* _RECORDS_
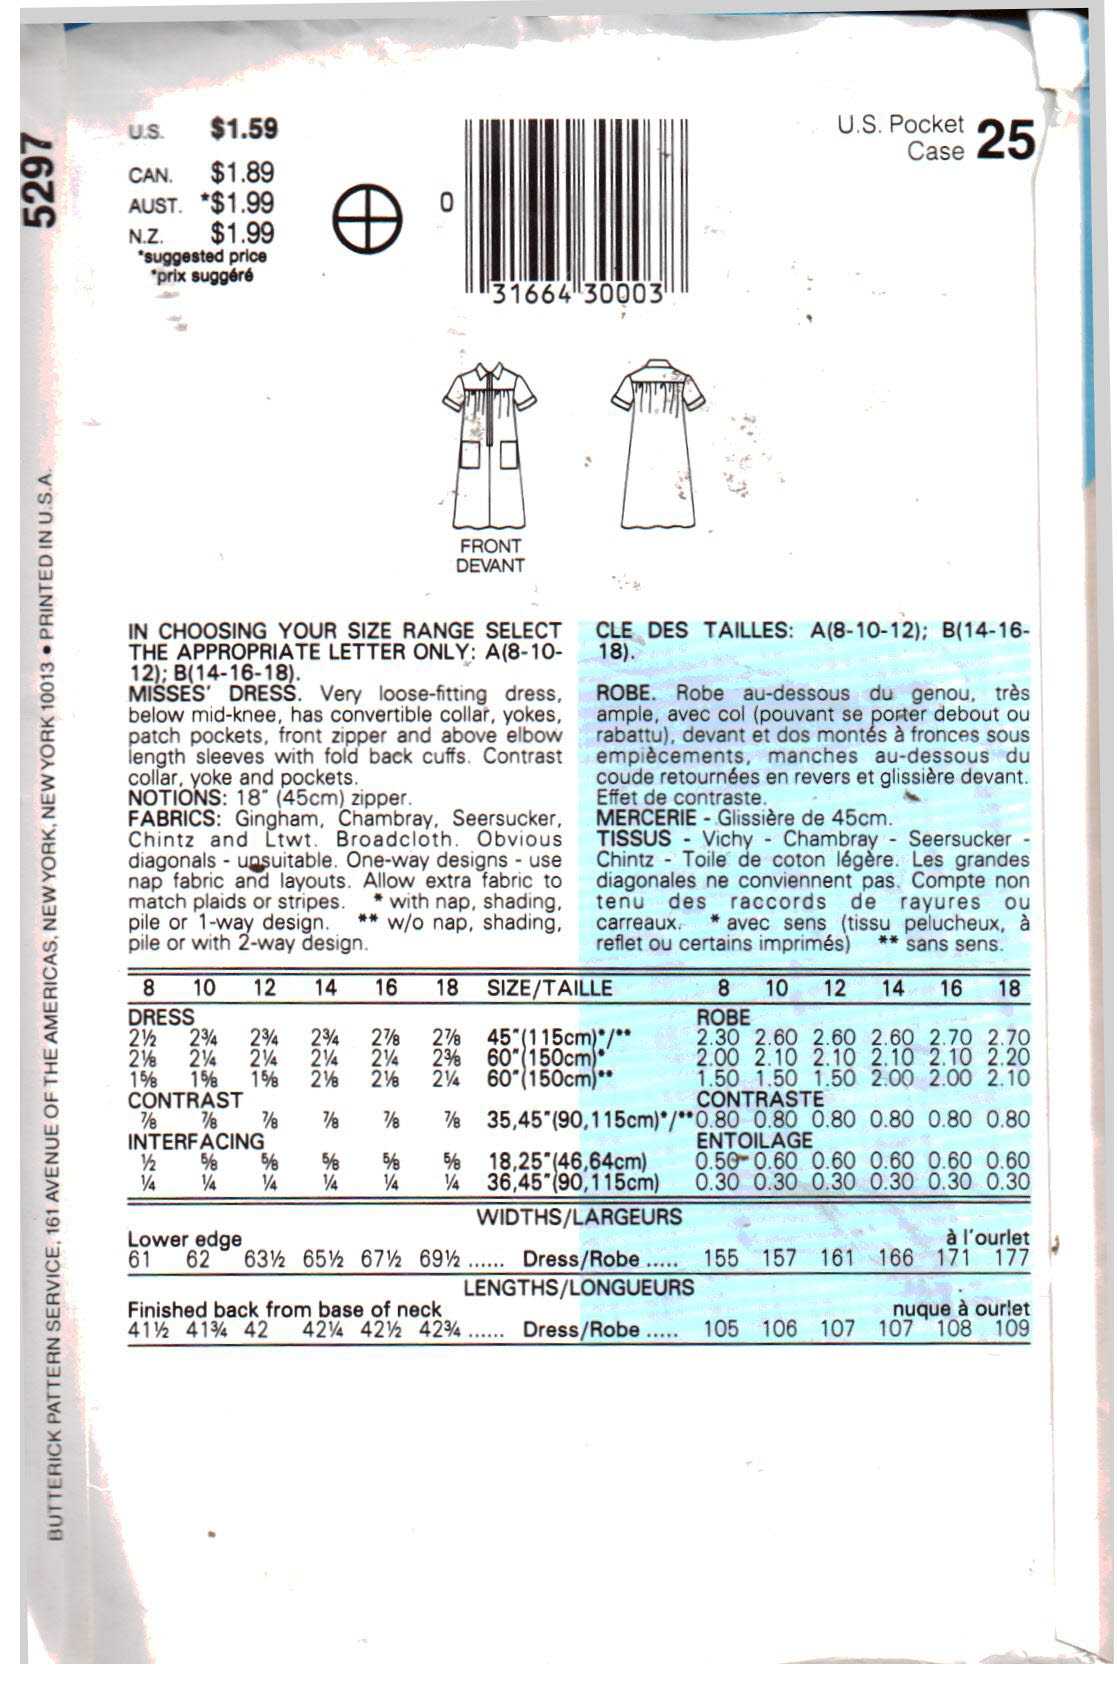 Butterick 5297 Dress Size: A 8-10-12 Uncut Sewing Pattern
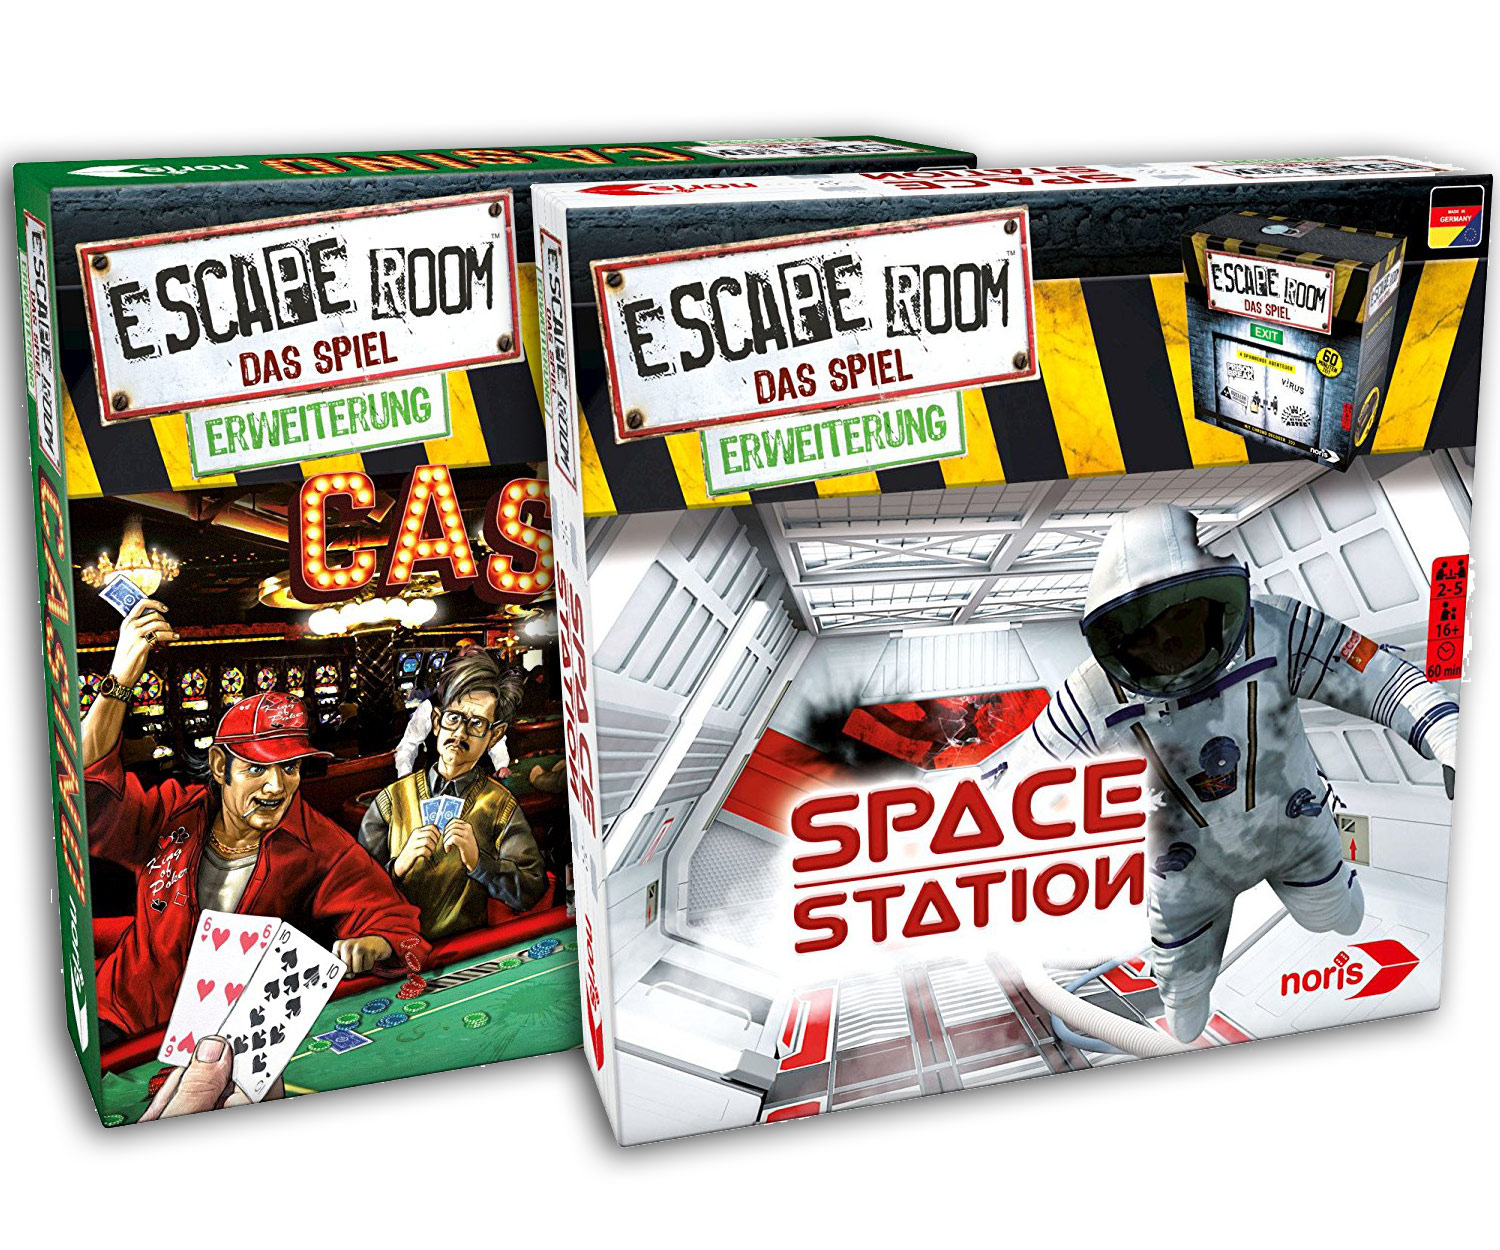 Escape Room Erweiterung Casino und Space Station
...
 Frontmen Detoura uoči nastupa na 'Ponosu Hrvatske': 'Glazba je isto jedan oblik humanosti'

* _TASK_
Reproduce exactly, with no pictures, the lines above from the one holding "Butterick 5297 Dress" to the one holding "Escape Room Erweiterung", inclusive.

* _YOUR SOLUTION_
 Butterick 5297 Dress Size: A 8-10-12 Uncut Sewing Pattern
 Escape Room Erweiterung Casino und Space Station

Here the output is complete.